Purpose: To overcome methodology limitations for studying auditory development in young children, we have recently developed an observer-based procedure that uses a conditioned, play-based, motor response (see Bonino & Leibold, 2017). The purpose of this article was to examine interrater reliability for the method.

Method: Video recordings of test sessions of 2- to 4-year-old children (n = 17) were examined. Detection of a 1000-Hz warble tone was measured with the Play Observer-Based, Two-Interval (PlayO2I) method in each of two conditions: for

a fixed intensity level (30 dB SPL) or for a variable intensitylevel signal (0–30 dB SPL). All test sessions were scored independently by three observers (one real-time, two offline). Observer consensus was evaluated with Fleiss’ kappa statistic. To determine if summary data were similar across the observers of each test session, the proportion of correct trials (fixed-level condition) or threshold (variable-level condition) were computed.

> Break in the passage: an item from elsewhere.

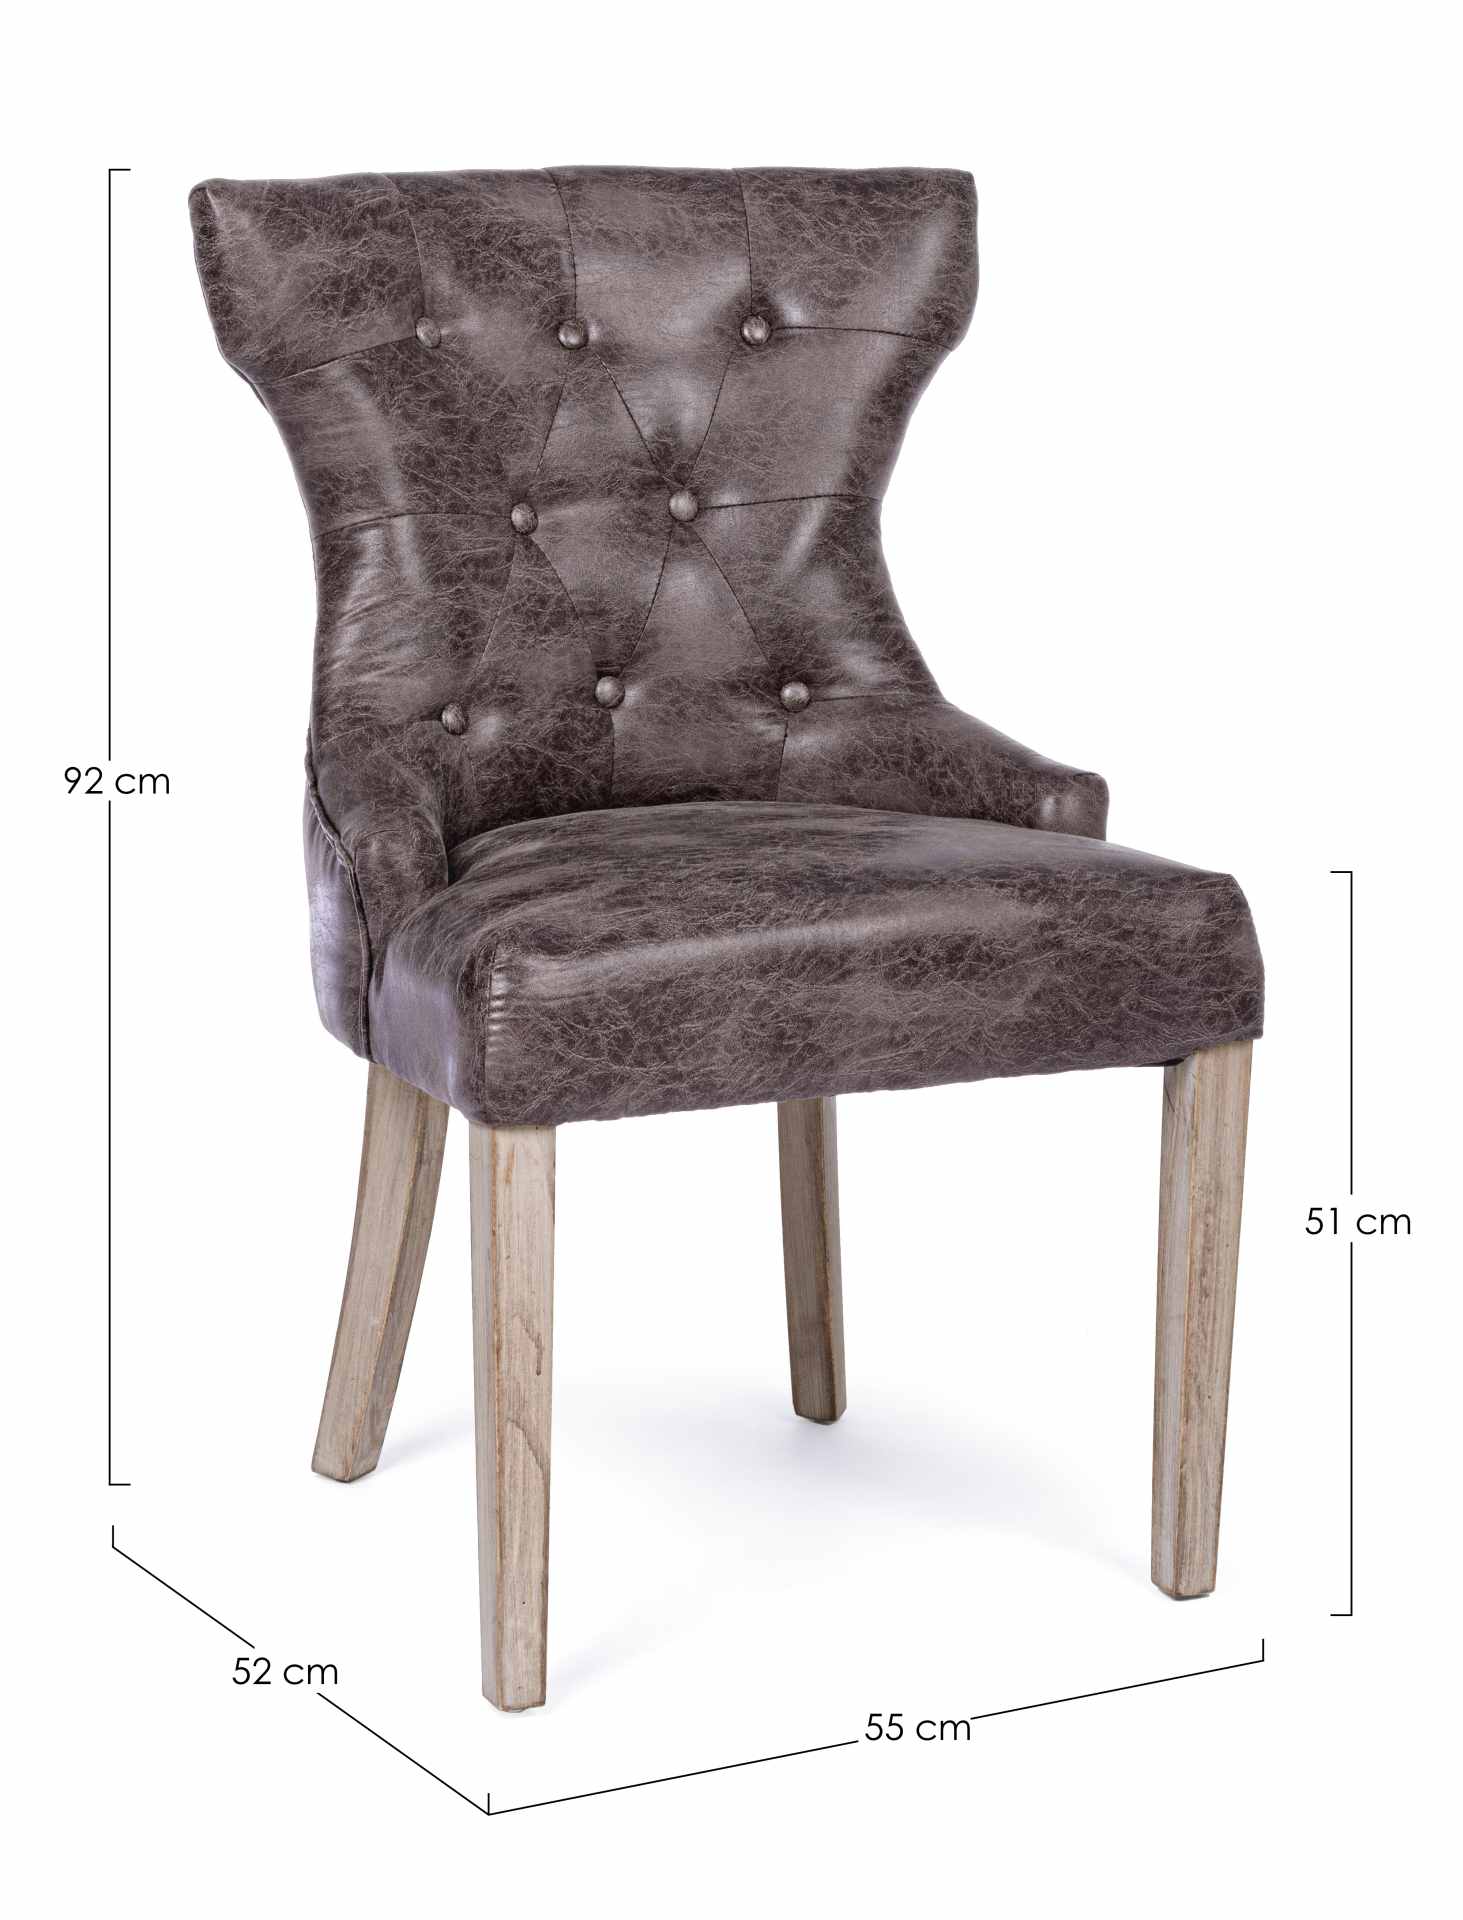 Der Esszimmerstuhl Azelia überzeugt mit seinem klassischem Design. Gefertigt wurde der Stuhl aus einem Kunststoff-Bezug, welcher einen braunen Farbton besitzt. Das Gestell ist aus Holz und ist natürlich gehalten. Die Sitzhöhe beträgt 51 cm.

Results: The strength of observer consensus was classified as “almost perfect” and “substantial” for the fixed-level and variable-level conditions, respectively. Follow-up analysis of the variable-level data indicated that differences in observer consensus were seen based on the signal level, the type of response behavior provided by the child, and the confidence level of the real-time observer. Resulting summary data were similar across the three observers of each test session: no significant differences for estimates of the proportion of correct trials or threshold.

Conclusions: Results from this study confirm strong interrater reliability for the method. The PlayO2I method is a powerful tool for measuring detection and discrimination abilities in young children.

Supplemental Material S1. (Table) Age and number of trials completed in each condition are provided for individual children. The total number of trials completed by a child is shown in parentheses, and the number outside the parentheses indicates the number of trials that were included in the analyses. Excluded trials were due to equipment malfunction or missing offline coding data.

Supplemental Material S2. (Figure) Based on data from the offline observers, we computed the proportion of trials in which each of the eight auditory behaviors were coded for the fixed-level condition. The pattern of behavior is shown for individual children, rank ordered by age. For reference, the average pattern of performance is provided in the last column (AVG = average). Trials in which no behavior was observed were excluded (< 4% of trials).

Supplemental Material S3. (Table) Fleiss’ kappa statistics for individual test sessions are provided for the variable-level condition. In addition to the overall values computed by including all trials, three comparisons were computed based on classifying trials based on the signal intensity level relative to the estimated threshold that corresponds to the 71%-correct point (at or above versus below), the type of child behavior (full play-based response versus all other behaviors), and the real-time observer’s confidence level (“confident” versus “not confident”).

Supplemental Material S4. (Figure) Based on data from the offline observers, we computed the proportion of trials in which each of the eight auditory behaviors were coded for the variable-level condition. The pattern of behavior is shown for individual children, rank ordered by age. For reference, the average pattern of performance is provided in the last column (AVG = average). Trials in which no behavior was observed were excluded (11.2% of trials).

Supplemental Material S5. (Table) The three-way cross tabulation for the intensity level of the signal, the child response behavior, and the observer’s confidence in the judgement is shown for the variable level data.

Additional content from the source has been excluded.